Trigger warning: trauma, PTSD, grief, loss, discussion of sensitive and emotional topics. Please be aware that we will be discussing sensitive and emotional topics that could potentially be triggering or upsetting.



Have you ever wondered if your Sjögren's symptoms could be tied to past traumatic or stressful experiences?


Many people with Sjogren's have noticed that their symptoms first appeared after a traumatic experience or period of intense stress. In this blog, we’ll explore the connection between trauma and Sjogren's in a down-to-earth way. We'll share our experience working with clients, dive into the latest research on how trauma might impact autoimmune conditions like Sjögren's, and uncover the potential mechanisms behind this link. Finally, we'll discuss practical strategies and offer some hopeful solutions to help you manage both trauma and your Sjögren's symptoms.




Our experience with clients


Over the years, we've listened to countless stories from our clients with Sjögren's, and a common thread often emerges: pain, loss, and trauma. Many have shared that their symptoms began during or after intense periods of stress or traumatic experiences.


But it’s not just about how their symptoms started. Ongoing stress or revisiting past traumas can trigger flare-ups, making their Sjögren's symptoms worse.


It's clear from many client stories that trauma deeply affects the immune, hormonal and nervous systems, and can play a significant role in the development and progression of autoimmune conditions like Sjögren's.


But what does the research say about this connection?




What the latest research says about Sjogren's and trauma:


Recent research, like the 2024 study by Hsu et al., has looked into how trauma might link with Sjögren's syndrome. They followed 5,237 people over nine years to see how autoimmune diseases, including Sjögren’s, developed (Hsu et al., 2024).

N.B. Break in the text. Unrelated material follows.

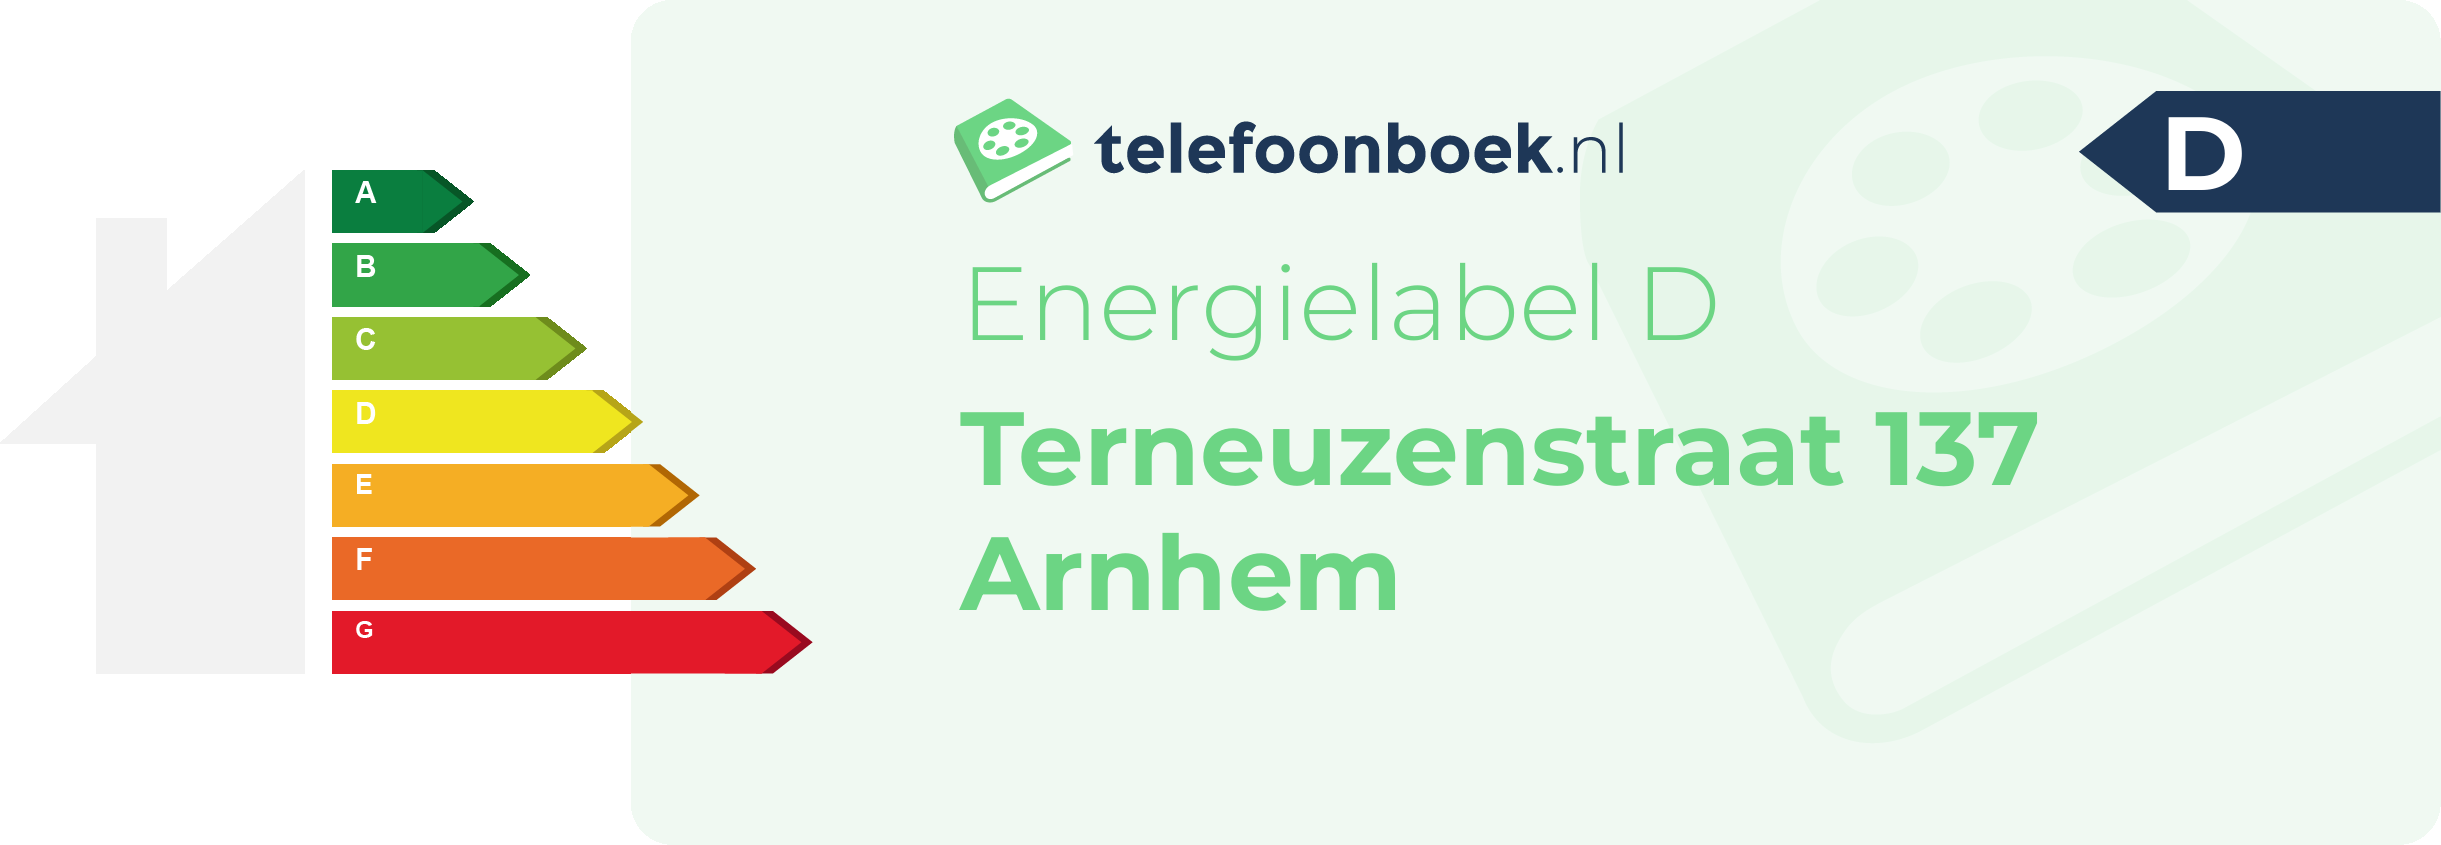 Energielabel Terneuzenstraat 137 Arnhem
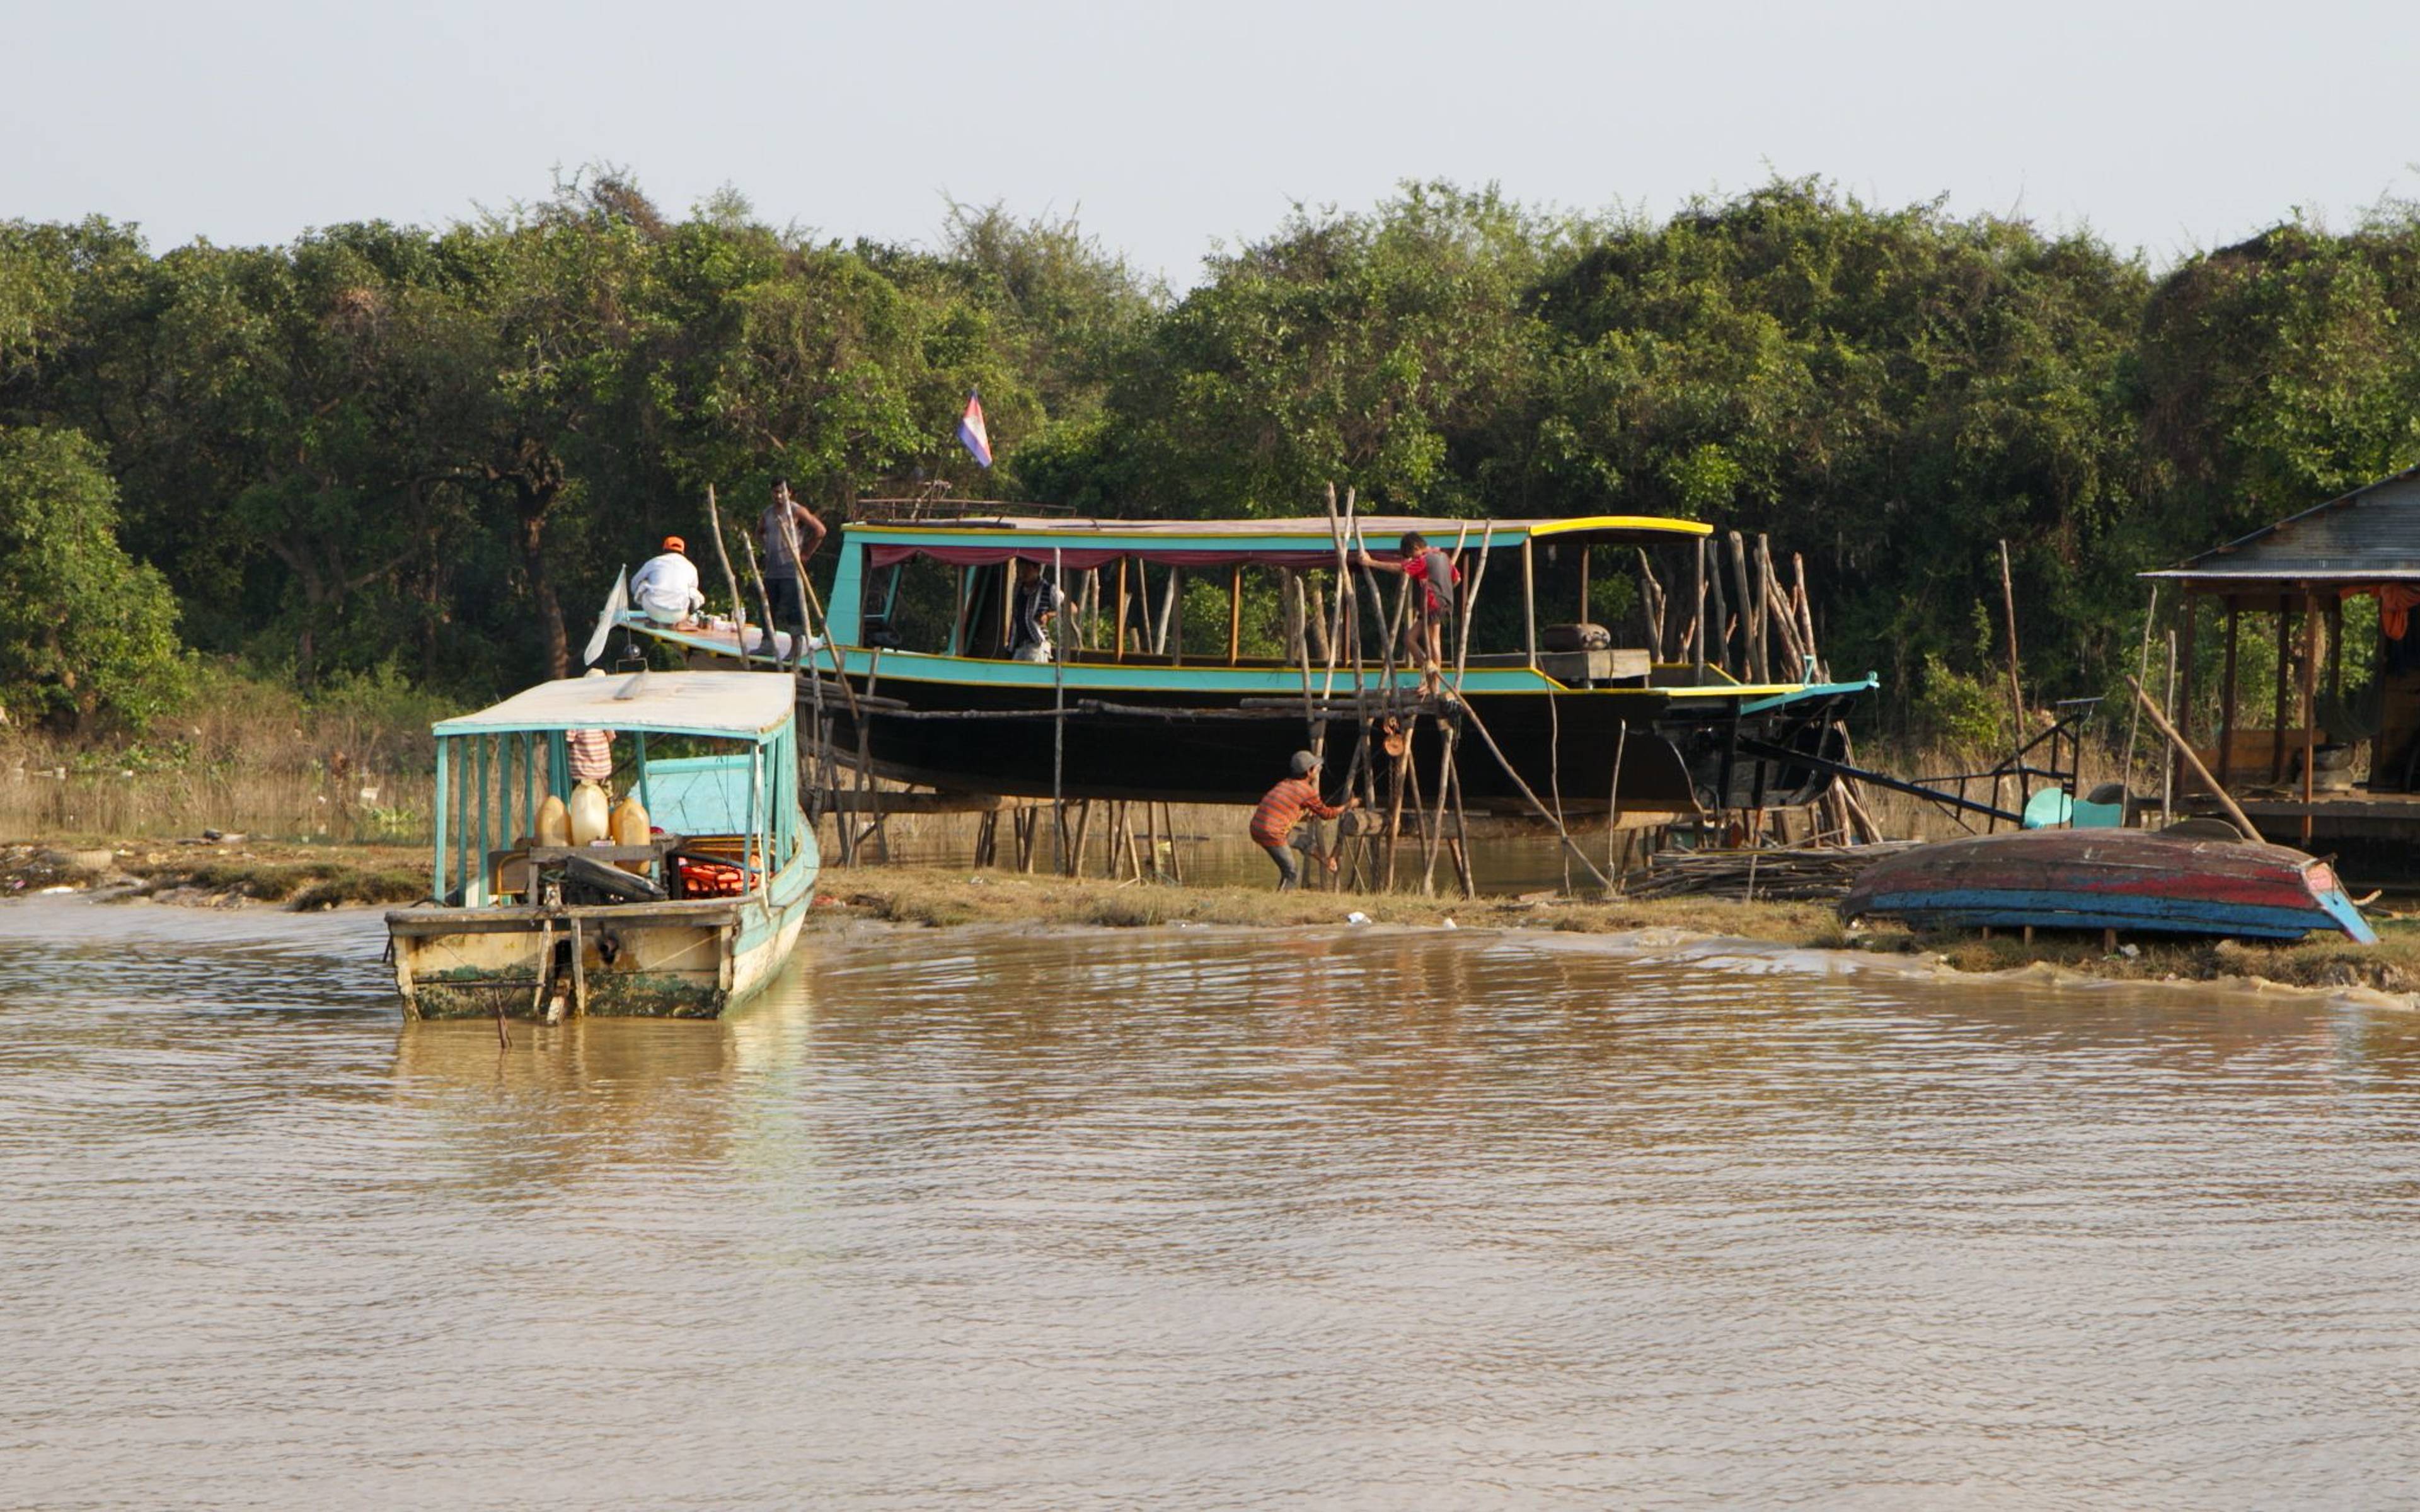 Visita al villaggio sul lago Tonle Sap 

Here’s what they found: People with a history of PTSD were significantly more likely to develop autoimmune conditions. In fact, they were six times more likely to develop Sjögren’s compared to those without PTSD. The study also noted that these individuals had nearly three times the risk of developing other autoimmune issues like thyroiditis or lupus.


And it gets even more interesting: The severity of PTSD symptoms played a big role too. The more intense the PTSD symptoms, the higher the risk of developing conditions like Sjögren’s. So, as PTSD symptoms worsened, the chances of developing autoimmune diseases increased accordingly.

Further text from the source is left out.